I popped it in the Unify (with the latest bios that I updated using the 3600) and it POSTED immediately! It was just like every system that I have built before the 5900X. I've only had it for a little over a week but it has been fine. I've been running it at stock except for enabling XMP in the BIOS to get my memory to run at DDR-3600. So far so good. It appears stable. I've spent a week testing and stressing it and the memory with no issues. In a week or two I might try PBO2 and a curve optimizer though after checking the thread about 5900 overclocking here on [H] I'm not sure it will really be worth it.

So this upgrade has been a pain in so many ways. Every component I have wanted has either been out of stock, or prices much higher than expected or both that its taken me 3+ months to get a system running. In the past, once I had a parts list, I was usually up and running 7-10 days later just accounting for shipping times. And I've never had a faulty CPU in my life and I've been building systems every 2-5 years (slower since Sandy Bridge) since around 1996. It felt weird sending a CPU back and worse knowing how hard it was to even get a 5900X.

LT.
 

schizo

[H]ard|Gawd
Joined
Nov 6, 2004
Messages
1,654
That link actually says they're DOA, not just faulty. It's bullshit. If as many as 16% of Zen3 CPUs were DOA we would know about it. Hell, if 1% were DOA we would know.

Lots of people are having problems with Zen3 that may or may not be related to faulty CPUs. There's an absolute ton of data supporting Zen3 is a problematic launch. AMD screwed up Zen3 big time, to be crystal clear, largely with their shitty QA on the launch AGESA. But they didn't ship 8-16% of the CPUs DOA.
 

vegeta535

Supreme [H]ardness
Joined
Jul 19, 2013
Messages
5,722
I agree that this report is bogus. With how the internet is so fast to jump on something this is the first we hearing about it. There would be a lot of nerd rage and Intel fanboys out in full force if the DOA was so high.
 

kensiko

Weaksauce
Joined
Oct 5, 2011
Messages
124
Not good for all people buying from scalpers, I hope getting the warranty working is not a hassle for them
 

repoman0

[H]ard|Gawd
Joined
Apr 7, 2006
Messages
1,171
I had a DOA 5900X. Booted up one time, got a WHEA error BSOD after two minutes, never booted again after lots of troubleshooting including a replacement MB. Exchanged at Microcenter and the new CPU is fine.
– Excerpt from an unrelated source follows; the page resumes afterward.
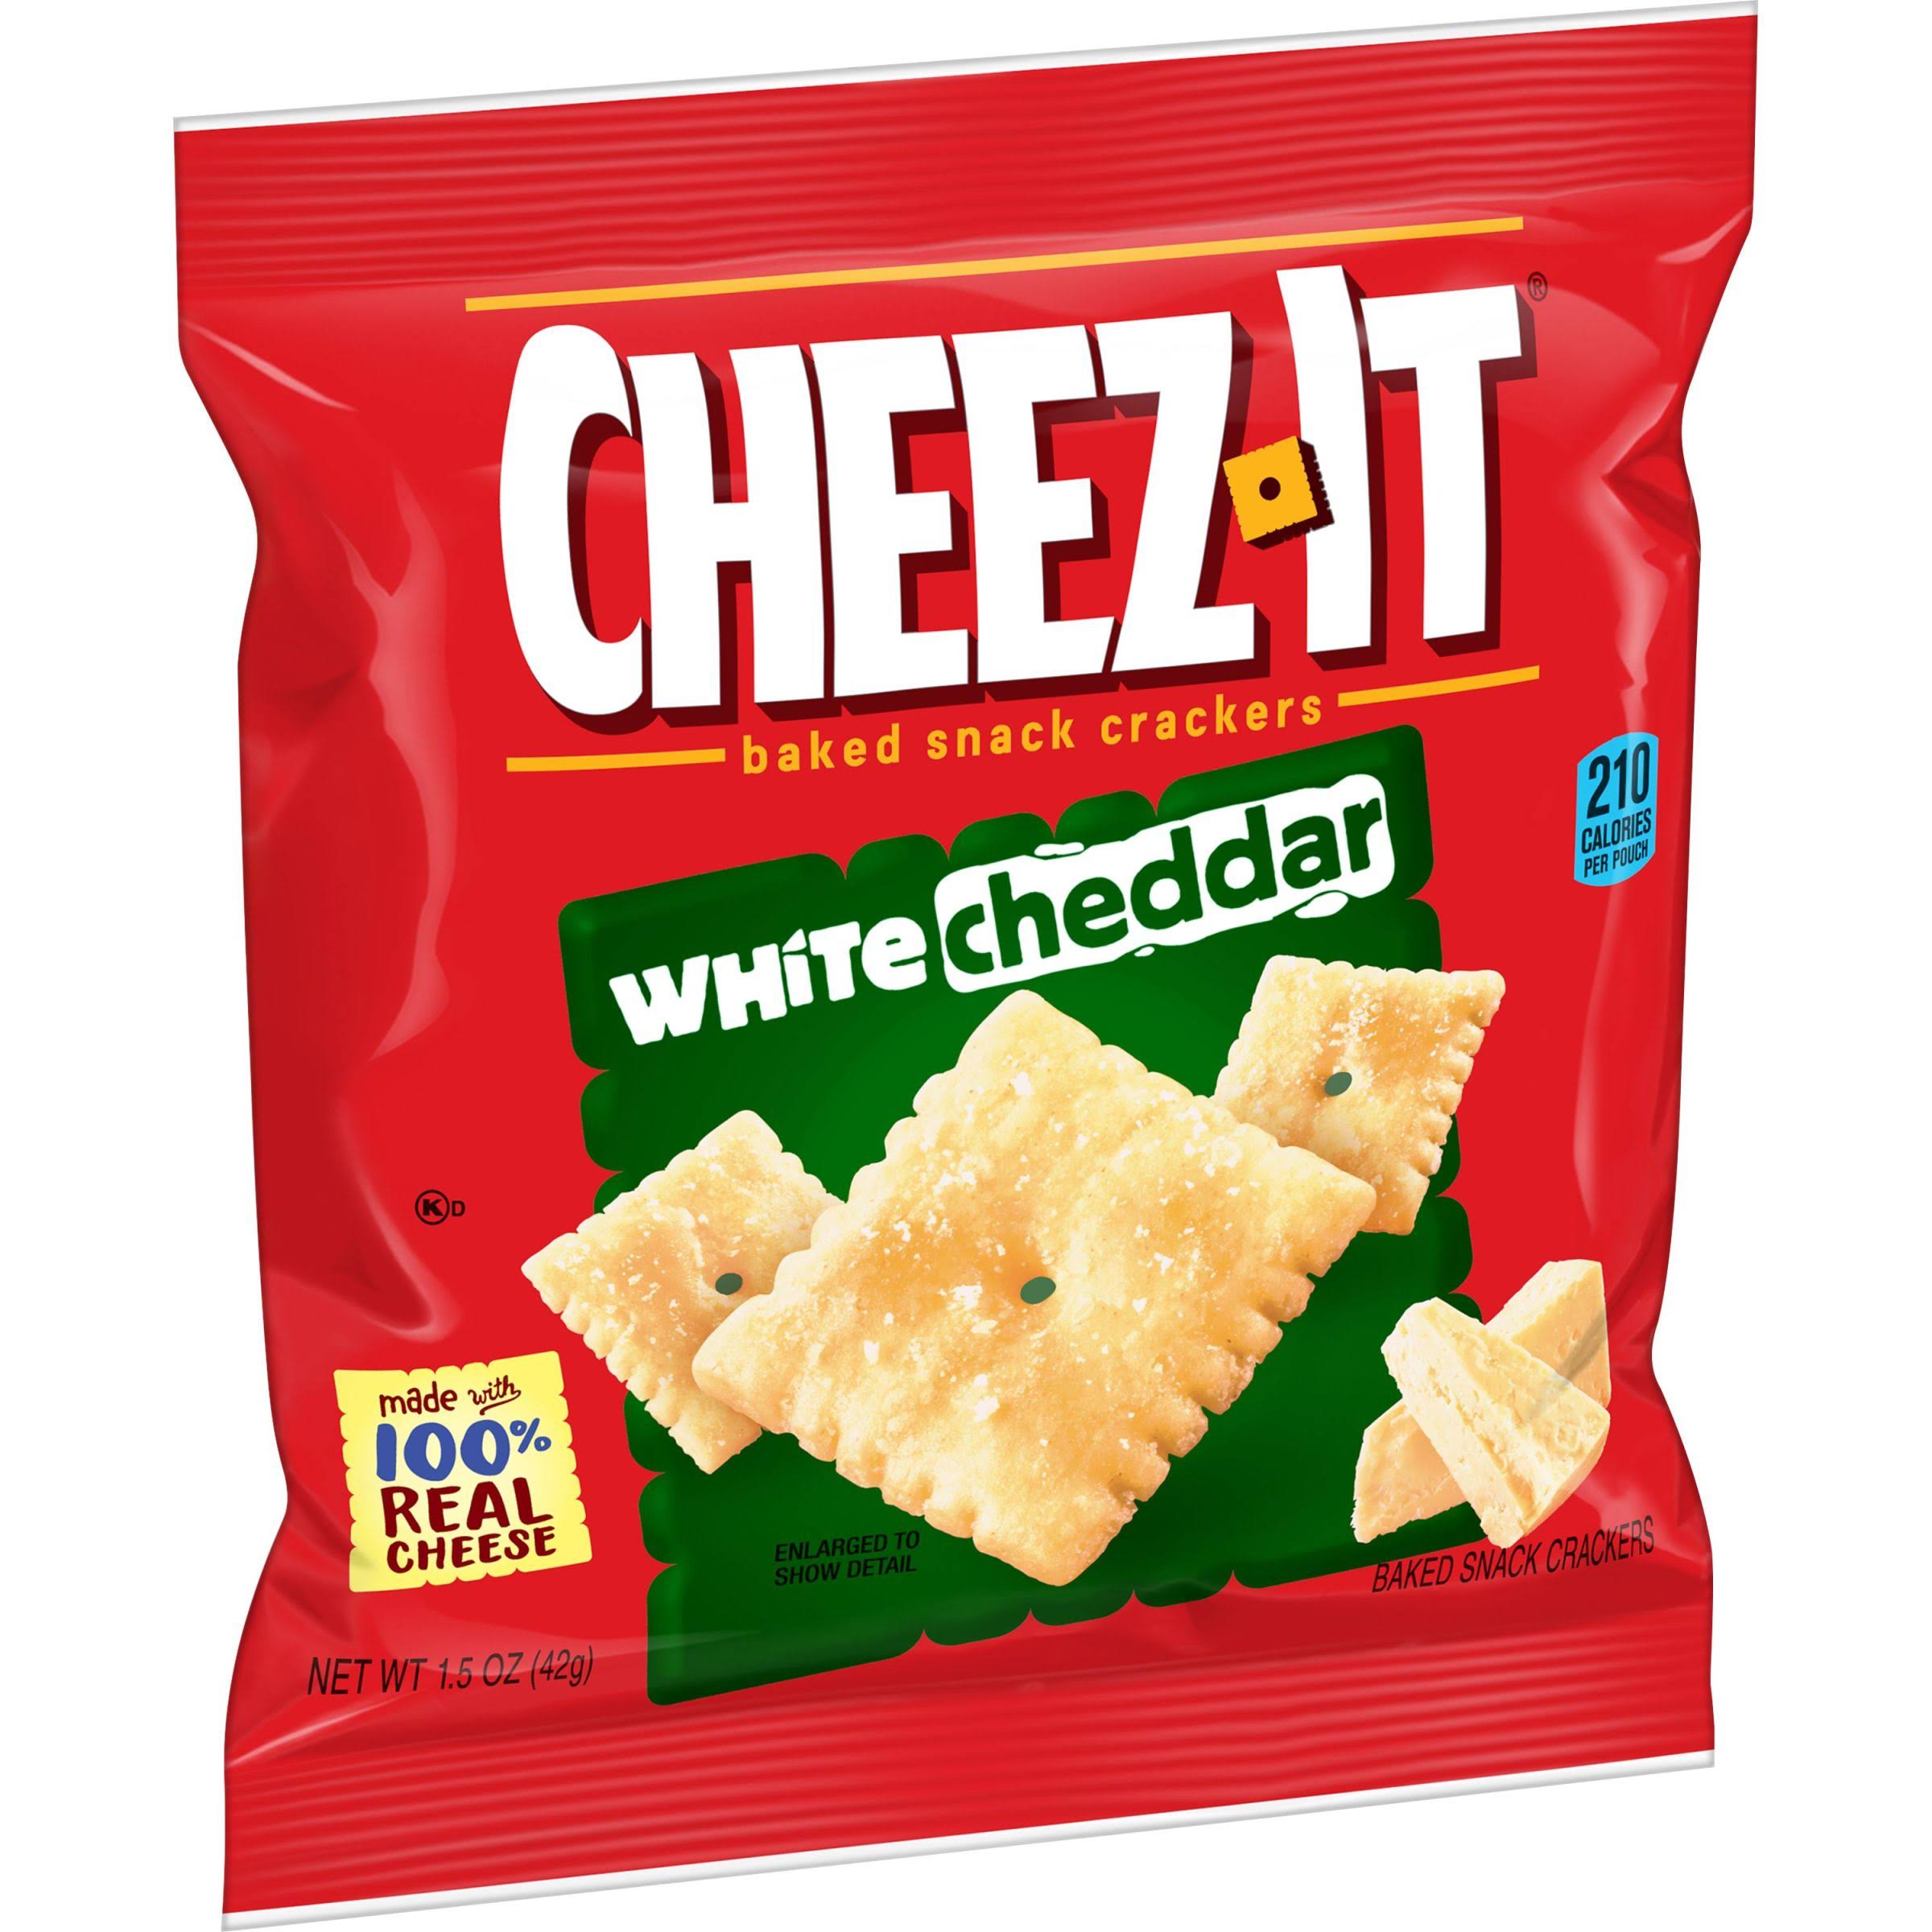 Cheez-it Baked Snack Crackers - White Cheddar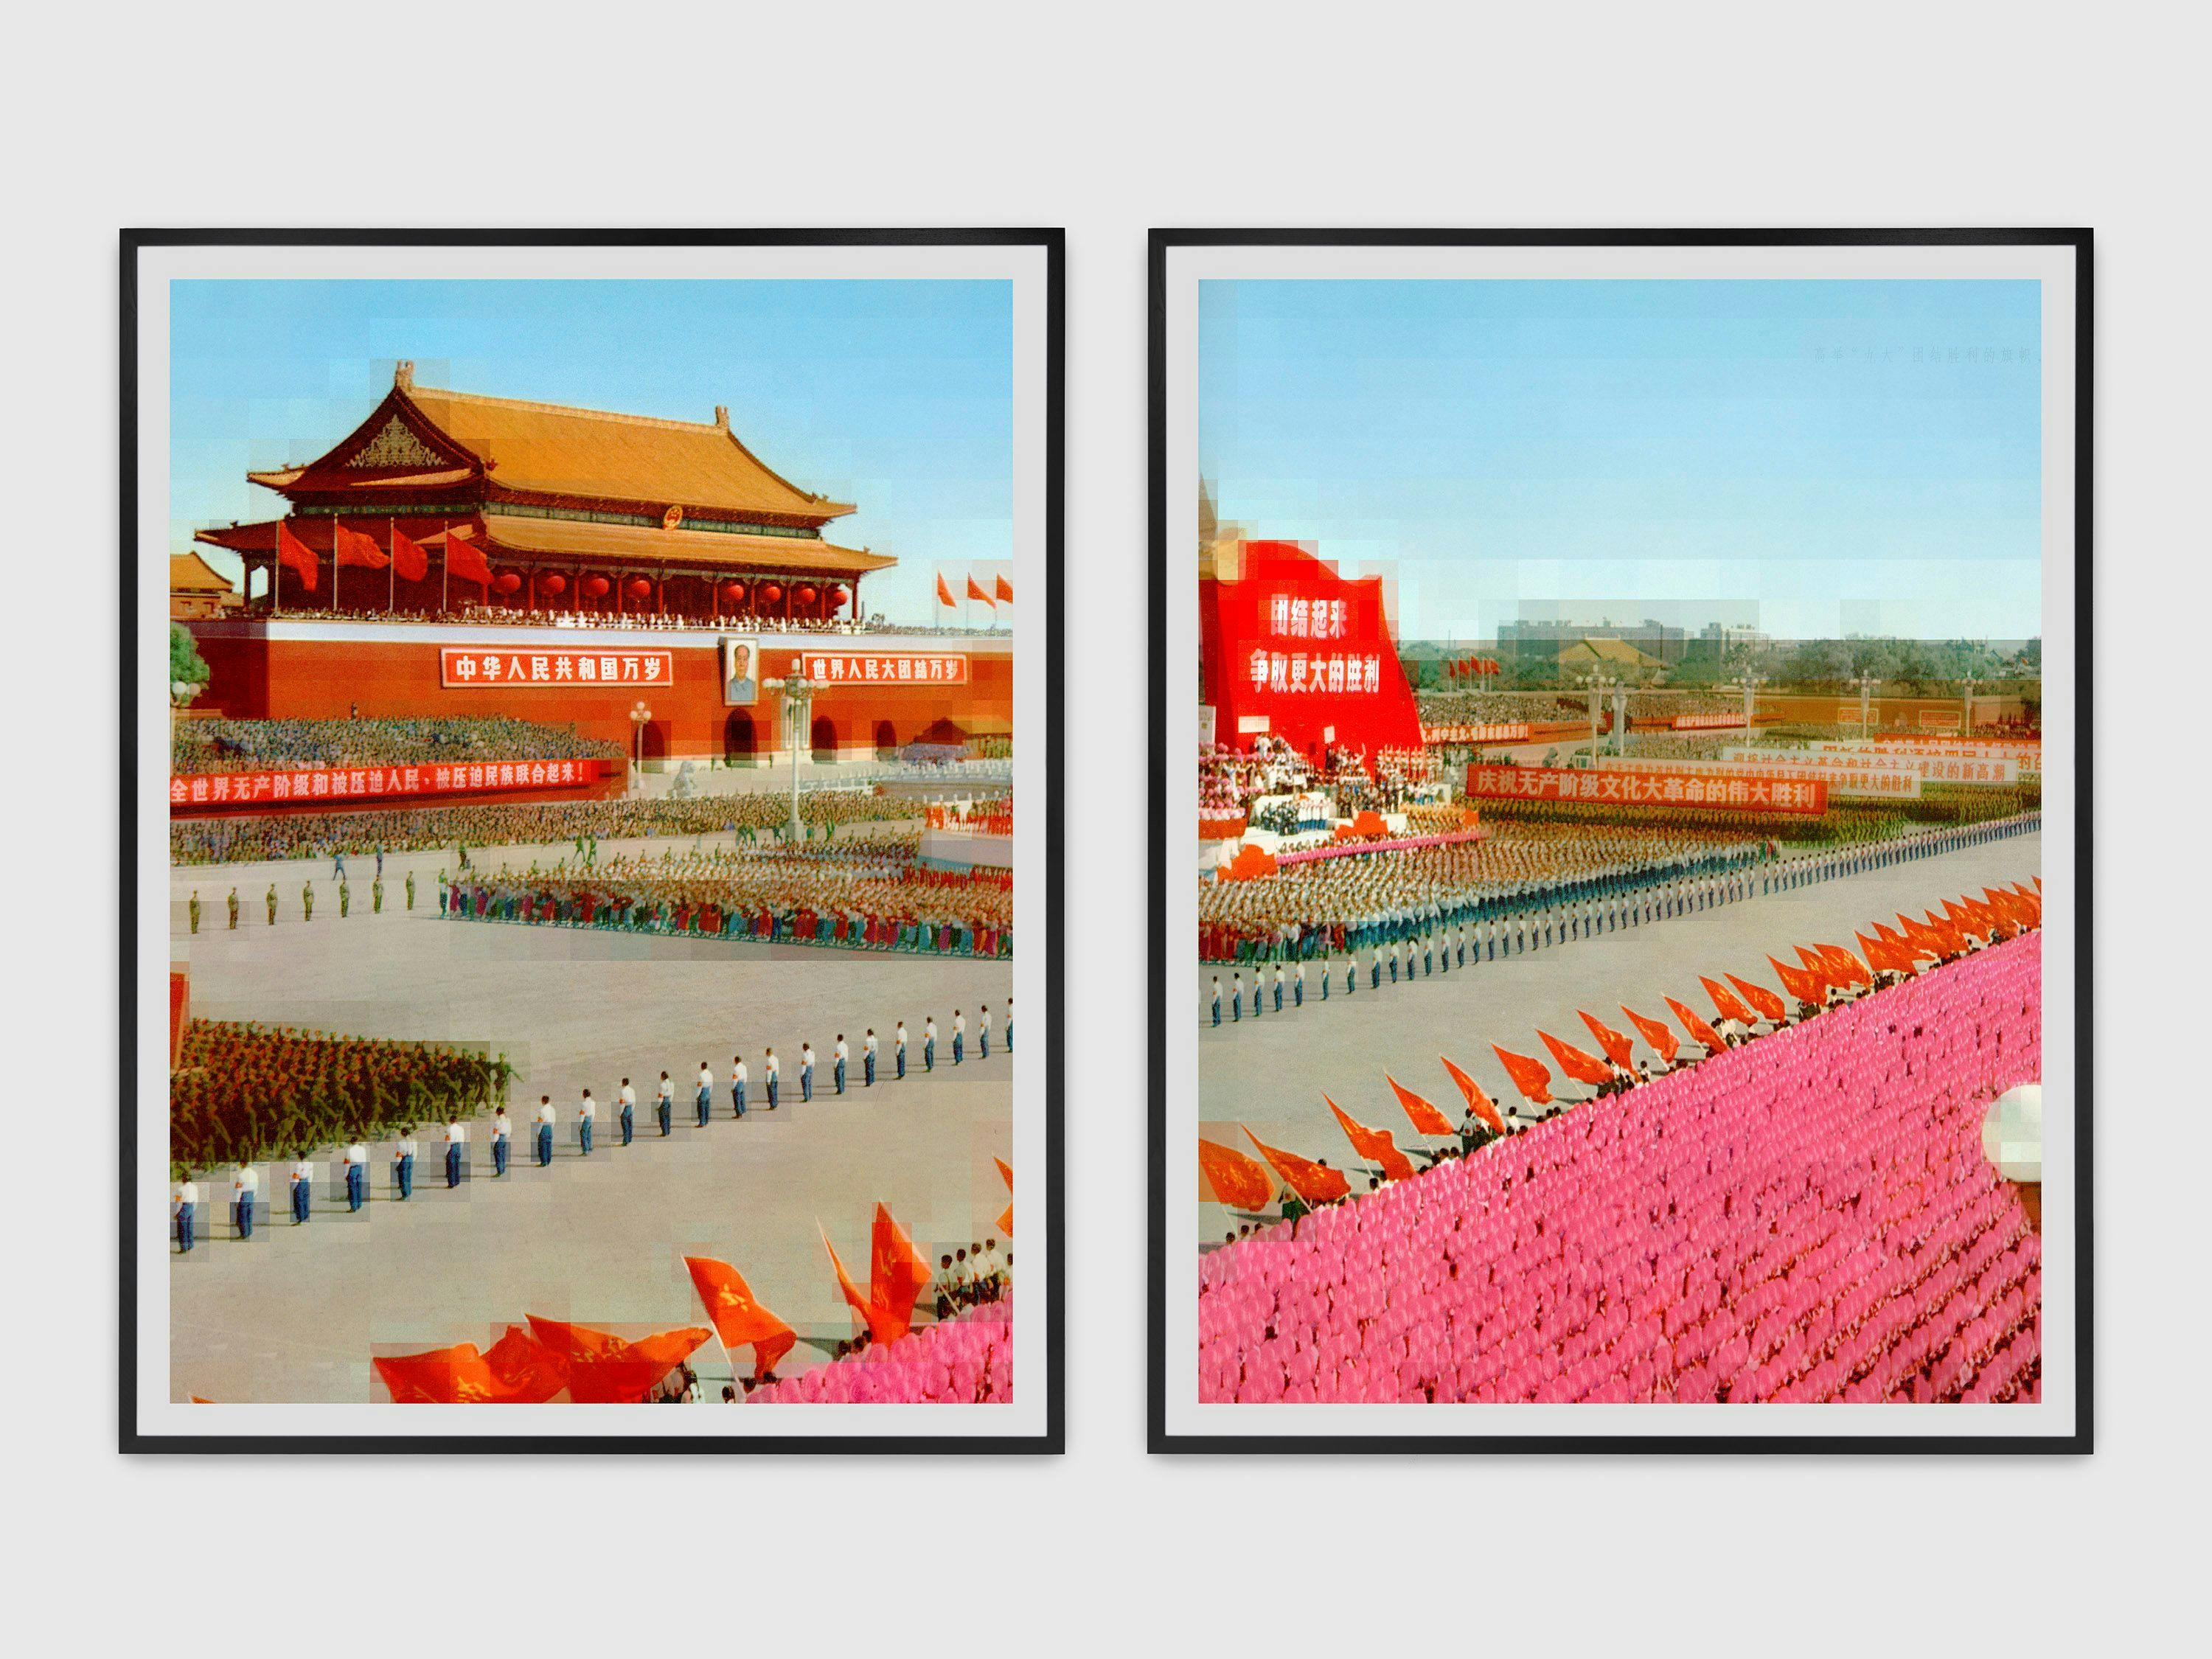 A diptych by Thomas Ruff titled tableau chinois_19a, tableau chinois_19b, dated 2020.

There were plenty of similar reports on Reddit when I was researching what could be wrong.
 

schizo

[H]ard|Gawd
Joined
Nov 6, 2004
Messages
1,654
I haven't seen many DOA reports elsewhere. Lots of WHEA problems, etc, though. I'm sure there are some, just not 8-16%.
 

Sir Beregond

Limp Gawd
Joined
Oct 12, 2020
Messages
202
I would want to see reports from large system builders like IBuyPower, CyberPower, etc. I've never even heard of these guys and doesn't look like they are that big. The sample size is rather small.
 

bobzdar

[H]ard|Gawd
Joined
Jun 6, 2003
Messages
1,820
In my experience, DOA hardware is really rare - and I worked for 3 years as a reliablity engineer at a major semiconductor manufacturer. DOA hardware would indicate basic test coverage issues, burn-in issues (dialed back too quickly) or static discharge issues during packaging/handling.
 

LukeTbk

Gawd
Joined
Sep 10, 2020
Messages
1,014
That link actually says they're DOA, not just faulty. It's bullshit. If as many as 16% of Zen3 CPUs were DOA we would know about it. Hell, if 1% were DOA we would know.
Except if PC builder are receiving different batch than usual customer (that did not go through Q&A expecting that the pc builder will do is own), purely speculating on my part. And that they received a particularly bad batch, i.e. that the numbers is ridiculously high say half a % but that they received an particularly bad batch.
 

schizo

[H]ard|Gawd
Joined
Nov 6, 2004
Messages
1,654
Sure, I guess that's plausible enough. They got a pallet of CPUs from a single bad run, etc.